**ACTIVITY**
Everything in the data must be repeated exactly, apart from the pictures, which are left out.

**RECORDED INFORMATION**
=-=-=
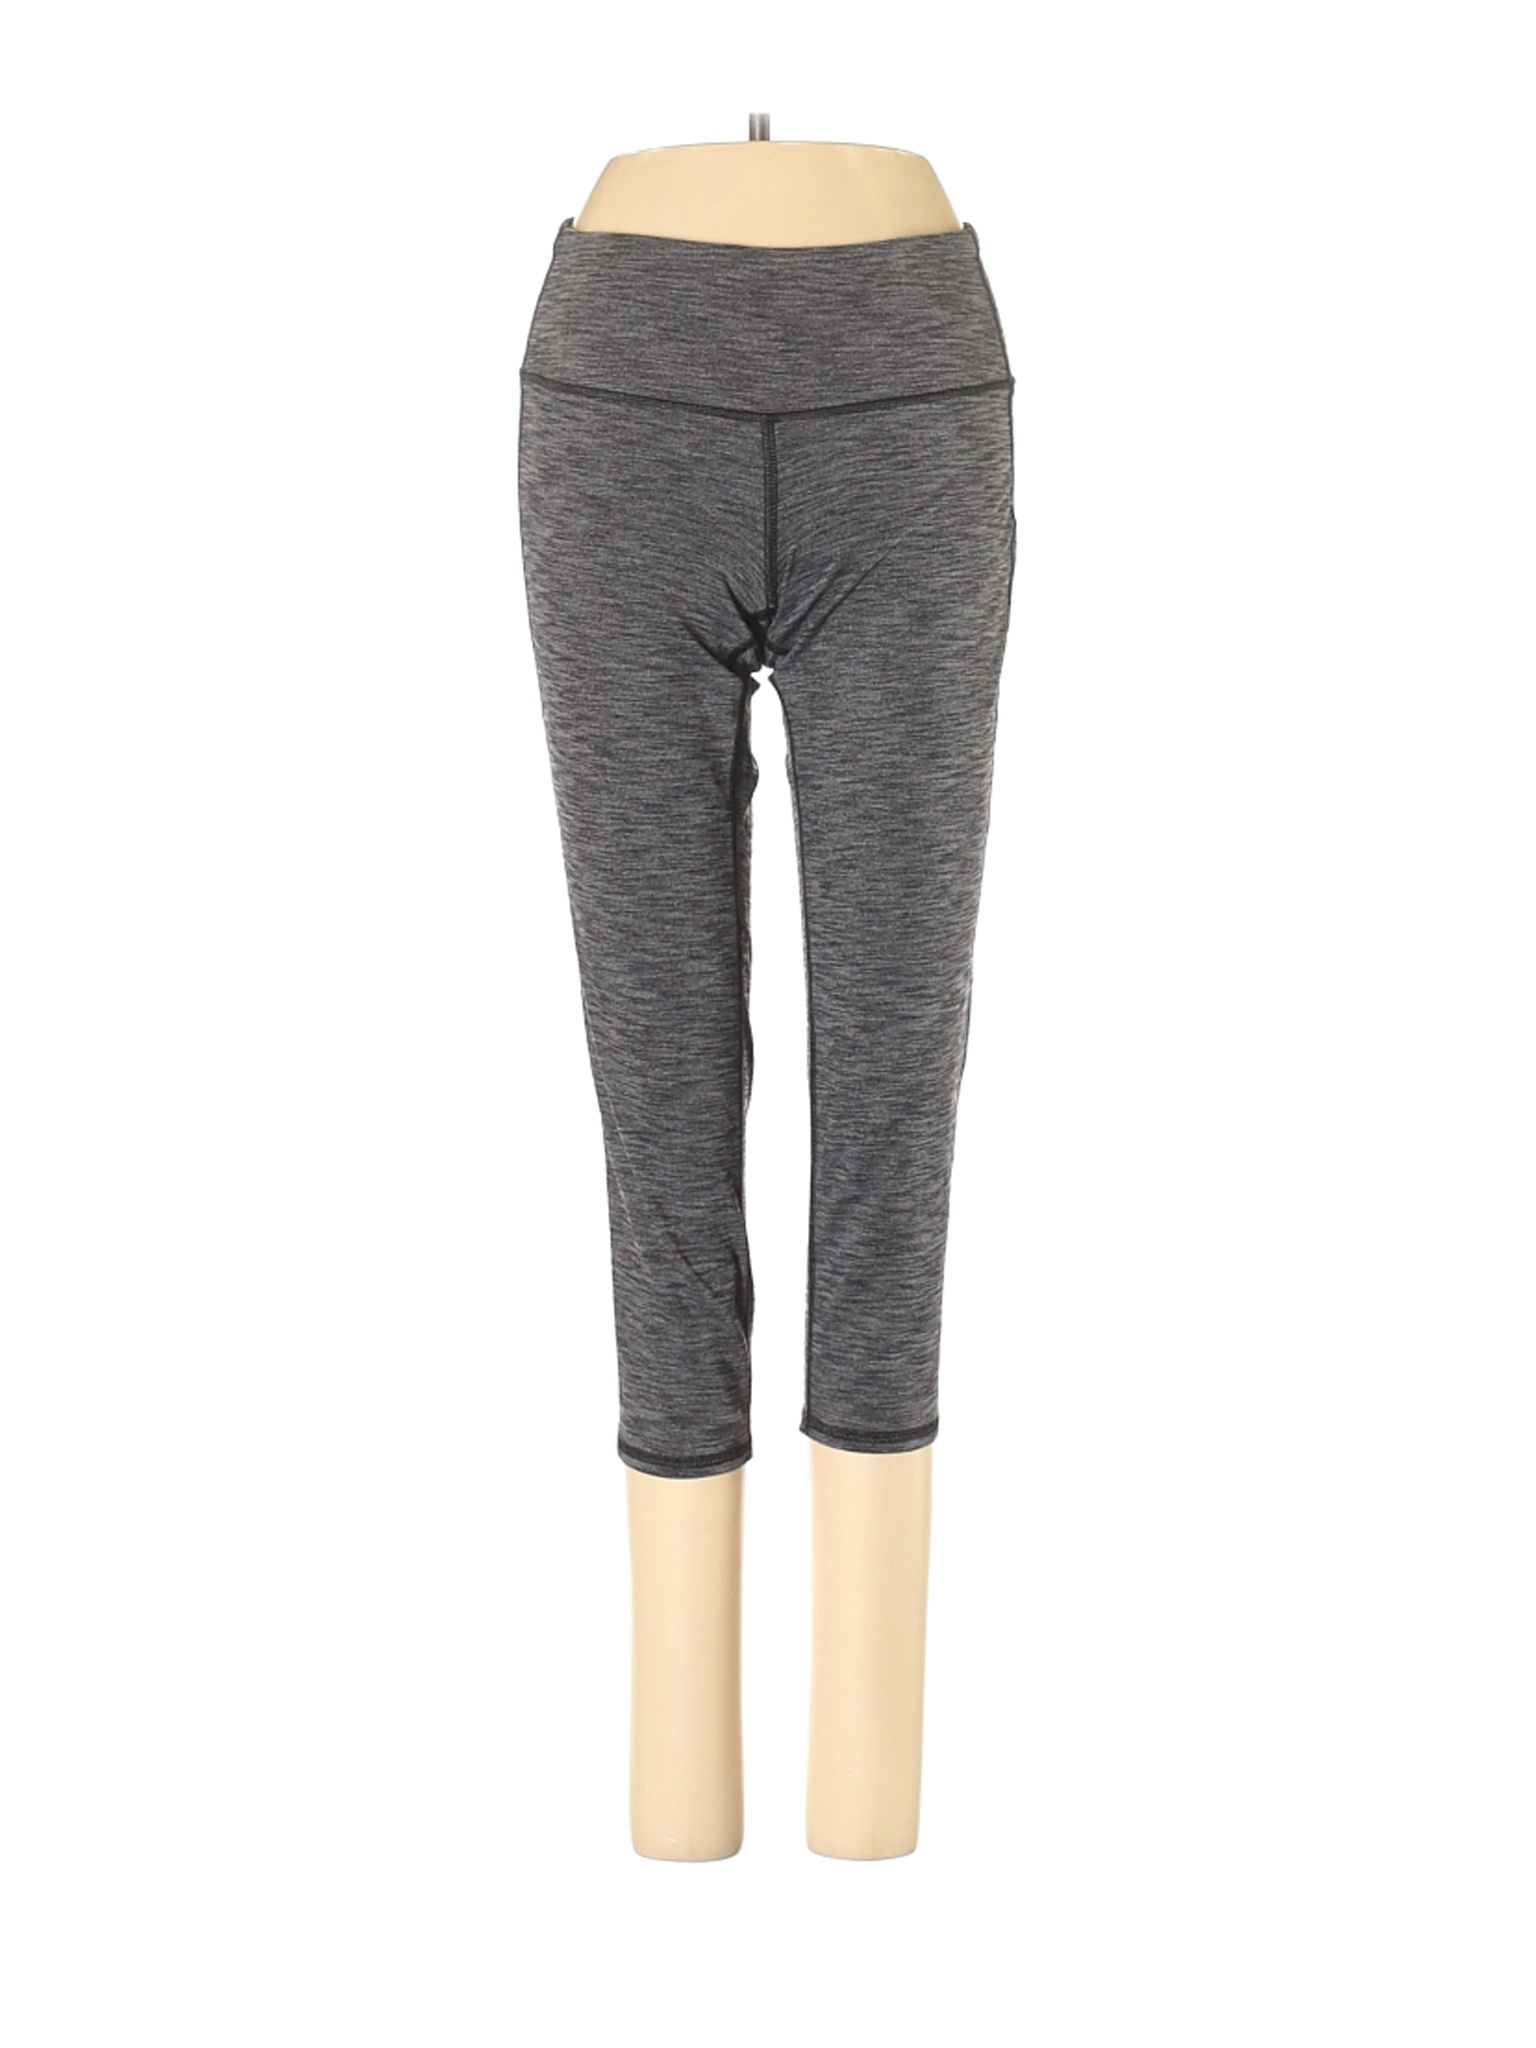 Athleta Women Gray Active Pants XS | eBay
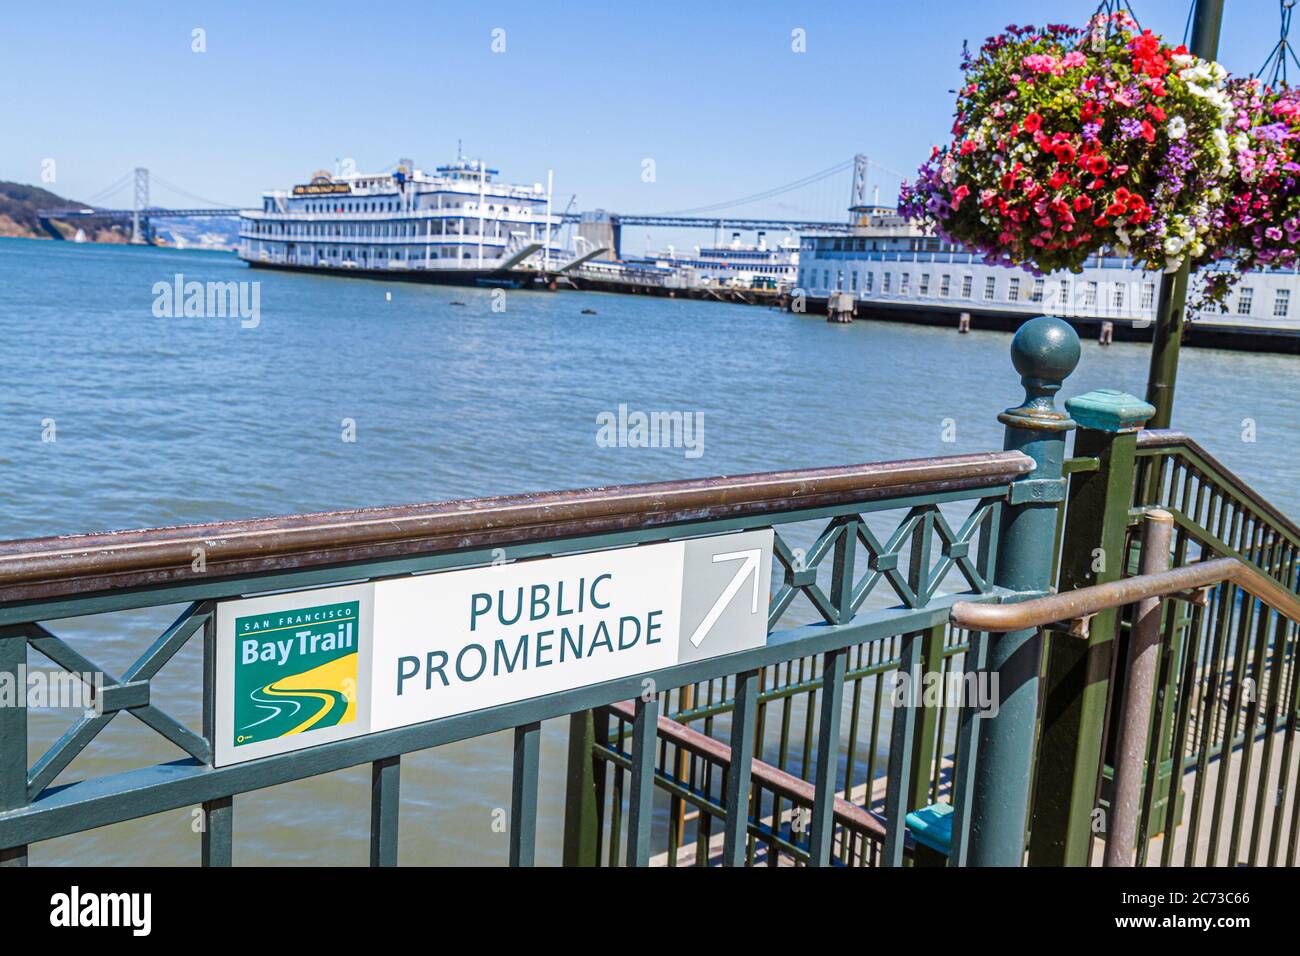 San Francisco California, The Embarcadero, San Francisco Bay, Pier 43 Bay Trail, öffentliche Promenade, Schild, Richtung, Erholungsgebiet am Wasser, Blumentopf, Stockfoto
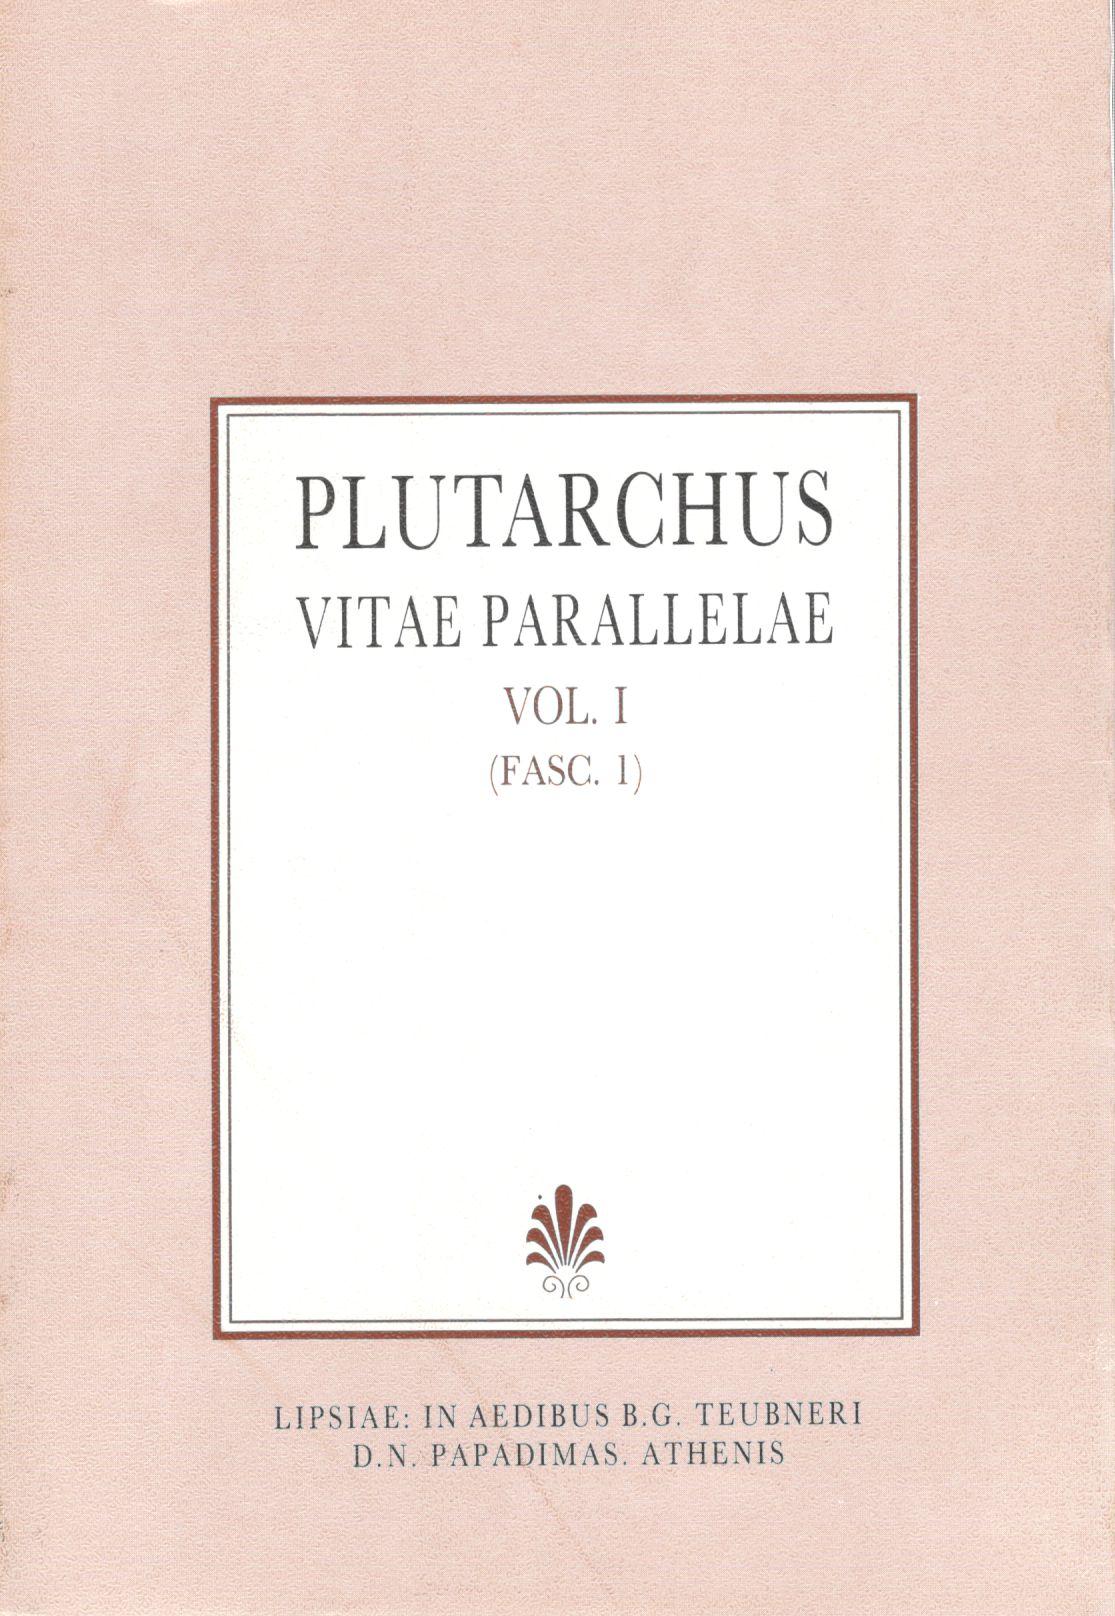 Plutarchi, Vitae Parallelae, Vol. I, (Fasc. 1), [Πλουτάρχου, Βίοι Παράλληλοι, τ. Α', (τεύχ. 1)]
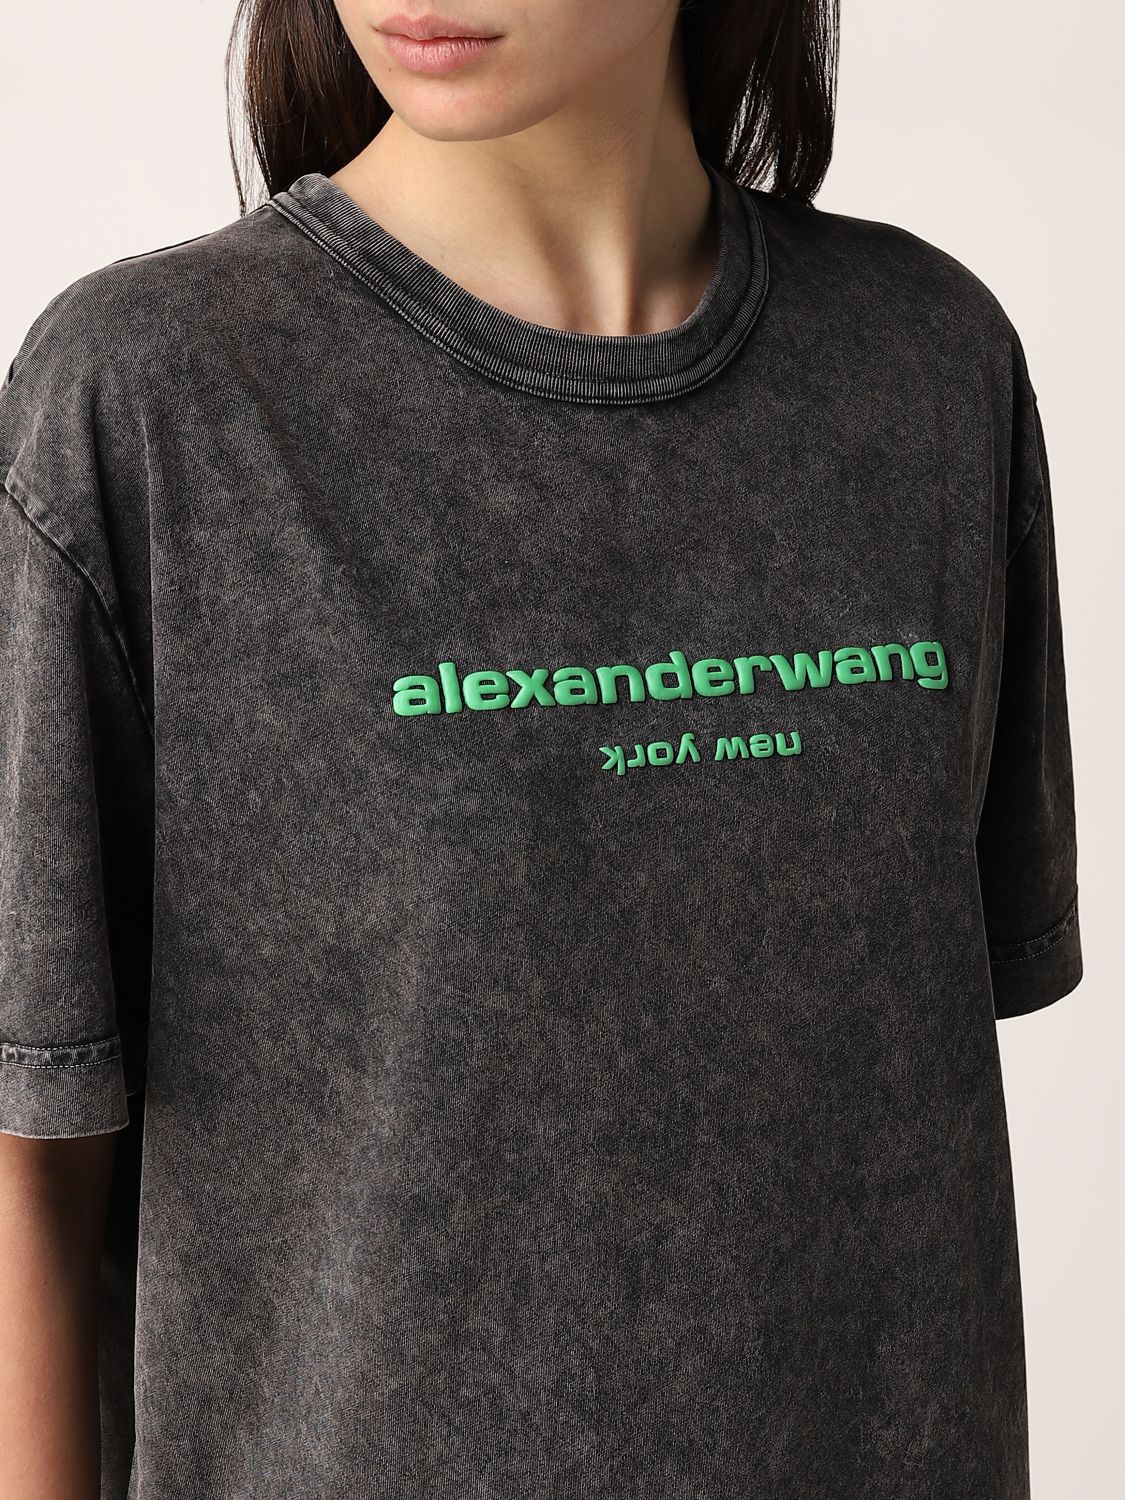 Alexander wang クレジットカードTシャツ
=-=-=
**ANSWER TO THE PROBLEM**
 Athleta Women Gray Active Pants XS | eBay
 San Francisco California, The Embarcadero, San Francisco Bay, Pier 43 Bay Trail, öffentliche Promenade, Schild, Richtung, Erholungsgebiet am Wasser, Blumentopf, Stockfoto
 Plutarchi, Vitae Parallelae, Vol. I, (Fasc. 1), [Πλουτάρχου, Βίοι Παράλληλοι, τ. Α', (τεύχ. 1)]
 Alexander wang クレジットカードTシャツ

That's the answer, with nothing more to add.